Wake officials have narrowed their search for the possible home of a $50 million general aviation airport to three sites.
Planners are focusing on land around Knightdale, Wendell and Zebulon for the airport, which is envisioned to help industry hunters recruit new businesses and boost county tax revenue.
"This area will continue to grow," said Wake Commissioner Joe Bryan. "This is the last opportunity to add this capacity for our community."
Since the Sept. 11, 2001 terrorist attacks, businesses increasingly are turning to corporate planes to avoid time in security lines. Airports where the expensive planes are based can help fill tax coffers with property tax revenue.
With general aviation traffic surging at Raleigh-Durham International Airport and smaller airports in nearby Franklin, Johnston and Lee counties, local officials began considering building their own airport. Up to 60 planes could be based at the airport, according to consultants hired by the county.
Construction is still years off, but commissioners said they may need to begin acquiring land in the fast-growing area before available sites are paved over with subdivisions.
At least 460 acres are needed for a 6,500-foot runway, hangars and terminal. Consultants initially considered 18 locations, but narrowed sites to minimize environmental problems and people's exposure to noise, said project manager John Roberson. Now under consideration are:
- A tract north of Zebulon, just west of the intersection of U.S. 64 East and U.S. 264 East.
- A tract between Wendell and Zebulon, south of N.C. 97 where the former Buchanan private airport was located.
- A tract north of Knightdale, between Buffaloe and Forestville roads.
A study in March found that the project could qualify for federal funding, which would pay 90 percent of land acquisition and runway costs. The state has funds to cover 50 percent of terminal costs, but building a new airport won't be easy.
Dozens of property owners would have to agree to sell land or it would be condemned, although Wake commissioners Chairman Tony Gurley said the board will be reluctant to force any land sales. Officials said they won't know whether the airport is even feasible until costs and anticipated revenue are determined in September.

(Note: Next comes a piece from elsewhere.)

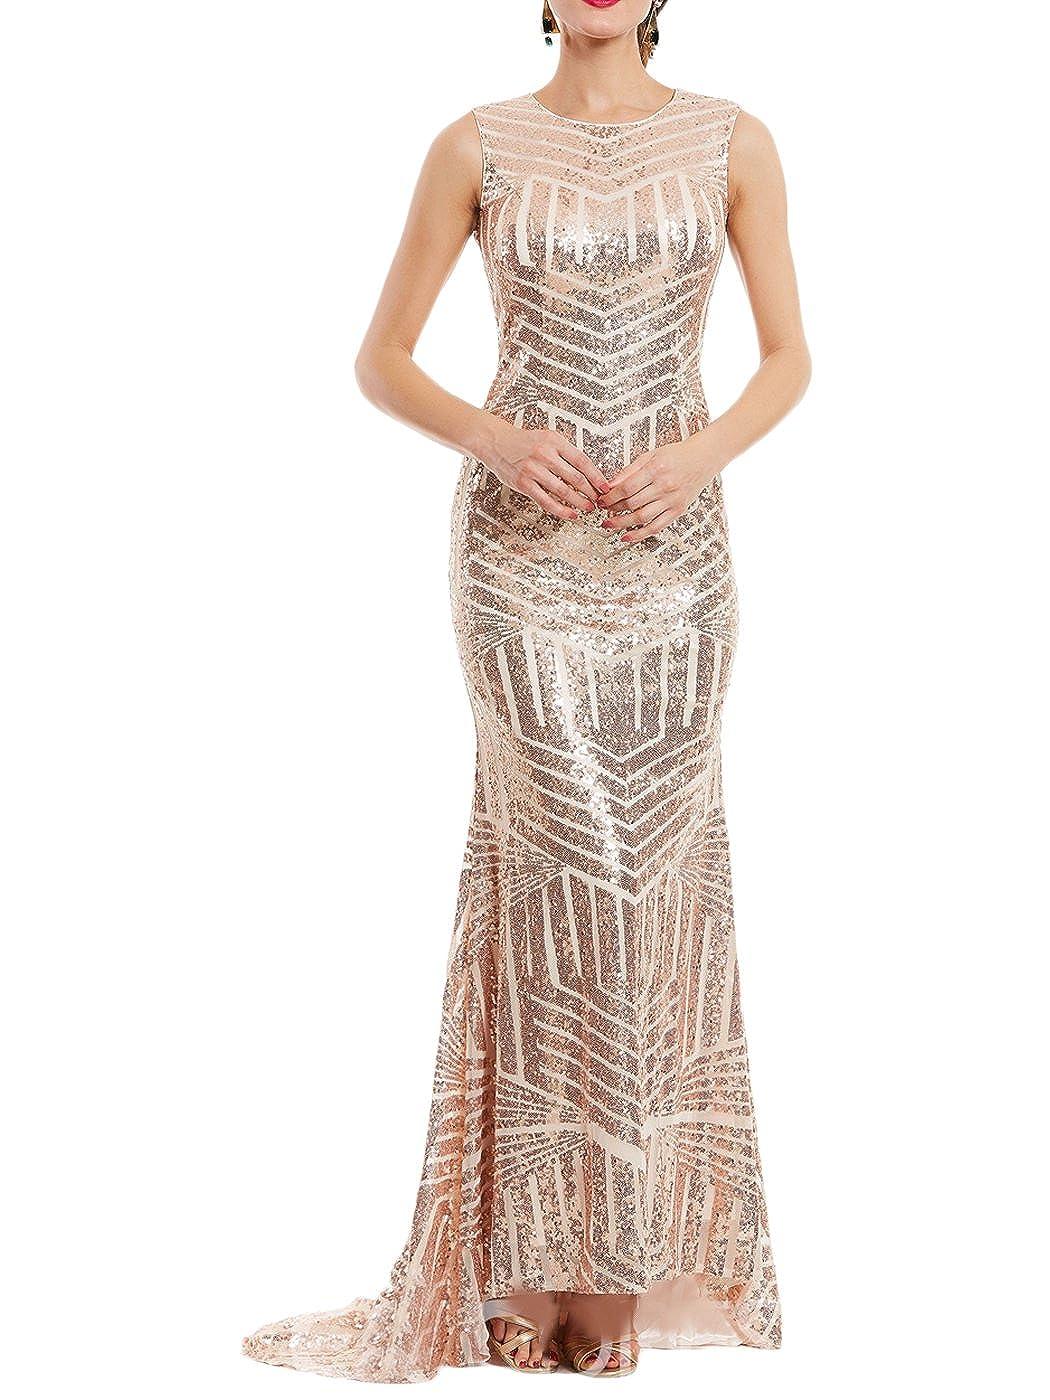 Mermaid Sequined Dresses Formal 2018 Women's Monalia

But industry recruiters said a new airport would help attract new businesses.
"We're getting more and more inquiries from businesses, when they consider relocating in a community whether the airport has the infrastructure to support corporate uses or their business airplanes," said Rick Barkes, airport development manager for the state Department of Transportation.
And pilots, who now base planes at outlying airports to avoid air traffic at RDU, are salivating at the possibility of having a general aviation airport closer to the Capital City.
"When you fly into RDU, you're looking at delays arriving and departing," said Todd Huvard, a pilot and former publisher of Southern Aviator, a trade publication. "It's more time and more money and it's more hassle."